The parental leave gap is real.

Birthing parents receive a median of 11 weeks paid leave. Non-birthing parents receive 7 weeks. That's a 4-week gap and it's persistent across most industries.

Only 22% of employers offer equal parental leave regardless of parent type. Education leads on parity at 56%. Most other industries lag well behind.

This gap matters for recruiting, retention, and increasingly for compliance as more states mandate leave parity.

Industry variation is massive.

Technology employers offer 12 weeks of birthing parent leave. Public sector offers 6 weeks. That's a 2x difference.

Vacation ranges tell a similar story. Entry-level employees in transportation and logistics may start with as few as 3 days. Entry-level employees in healthcare can start with 10.

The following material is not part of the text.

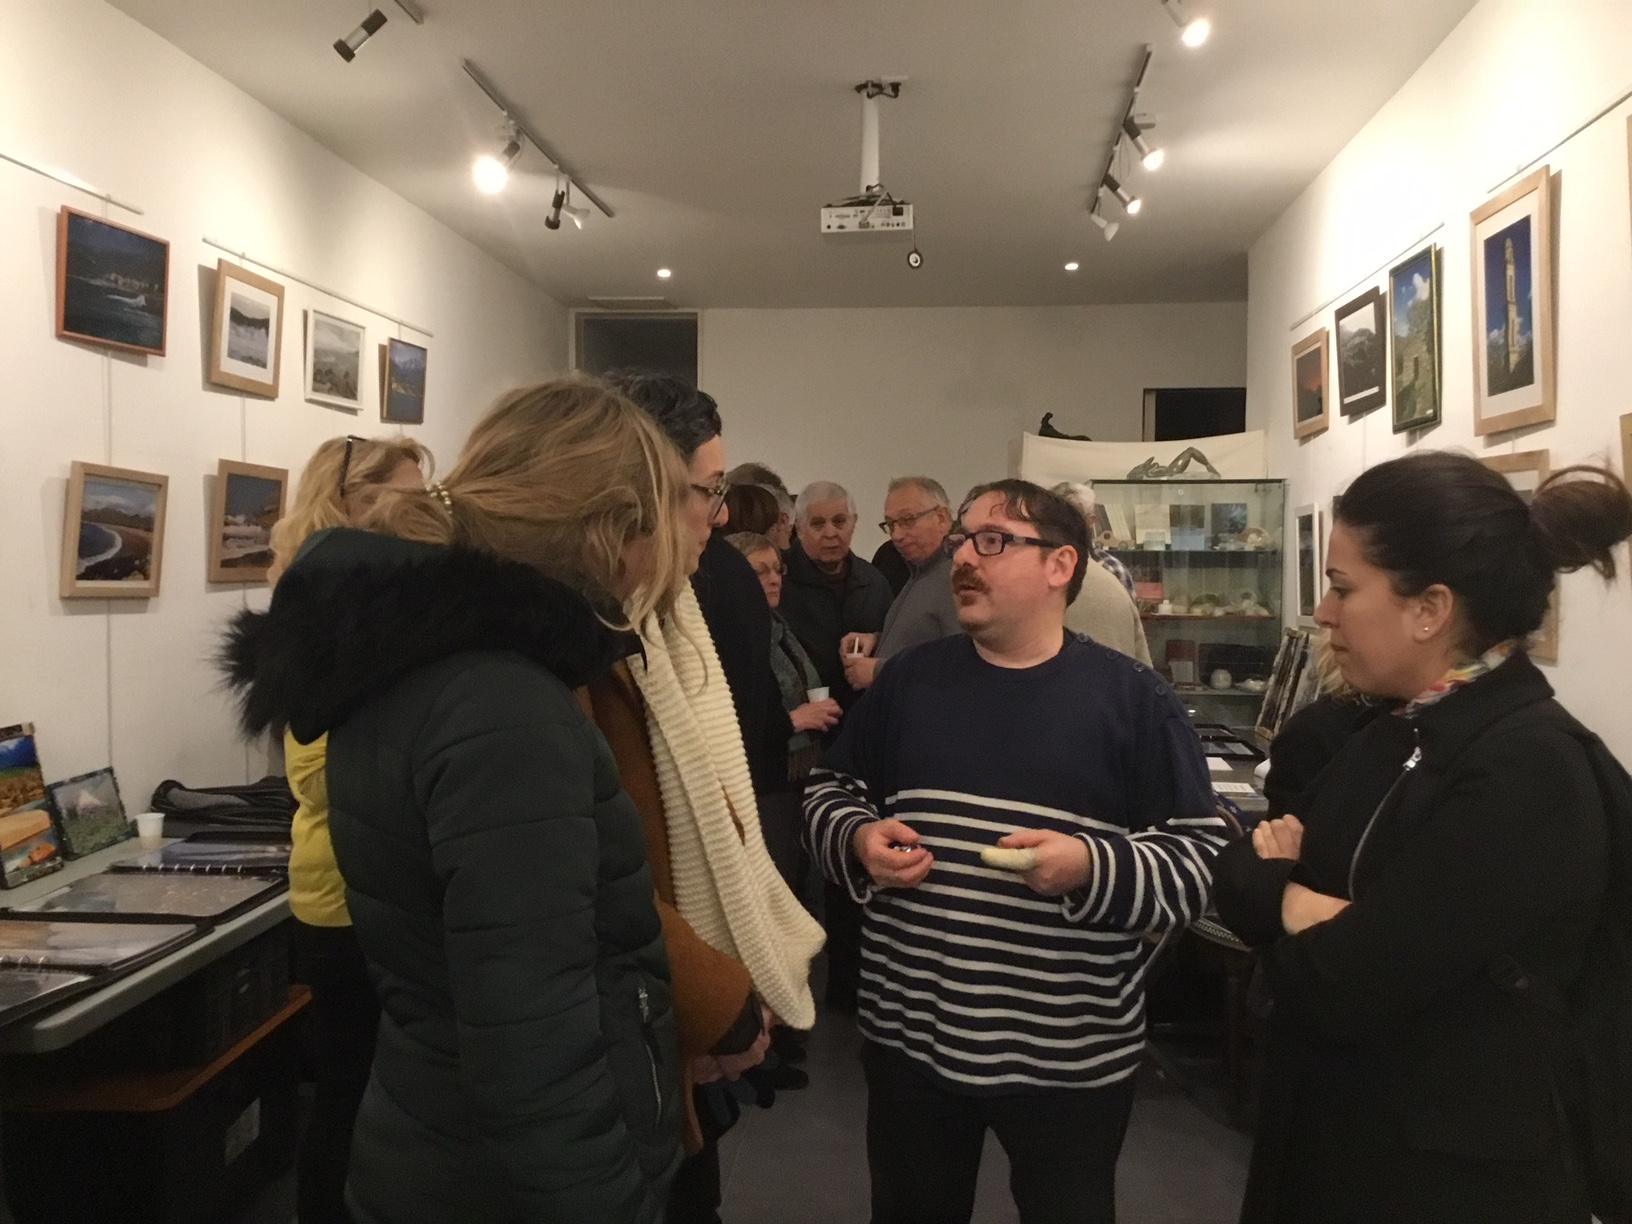 Quartier Noailles : Réouverture au public de la Galerie de l'Atelier des Arts le mercredi 30 Janvier 2019 après 85 jours de fermeture

National averages hide these differences. Peer-specific benchmarking reveals them.

Why This Matters

PTO isn't a line item, it's a talent strategy. Companies competing for the same candidates need to know what "competitive" actually means in their market, not what it means in Silicon Valley.

A manufacturer benchmarking against tech companies will always feel behind. A healthcare system benchmarking against other healthcare systems can make informed decisions about where to invest and where they're already strong.

That's what benchmarking is supposed to do.

The Data Is Live

You can explore the PTO benchmarks now at bnchmrk.com/pto-benchmarks. Filter by industry, see how policies vary, and start answering the questions your clients have been asking.

What's Coming Next

This is just the beginning. Over the coming months, we're adding:

Platform integration. PTO benchmarking will be available inside the Bnchmrk platform alongside medical, dental, vision, and ancillary benefits. One place for total employer benchmarking.

Enhanced data fields. Carryover policies, tenure-based tiers, regional breakdowns, and more granular cuts as the dataset grows.

Total employer reporting. See PTO alongside health benefits in a single report. Because that's how employers actually think about their benefits package, holistically.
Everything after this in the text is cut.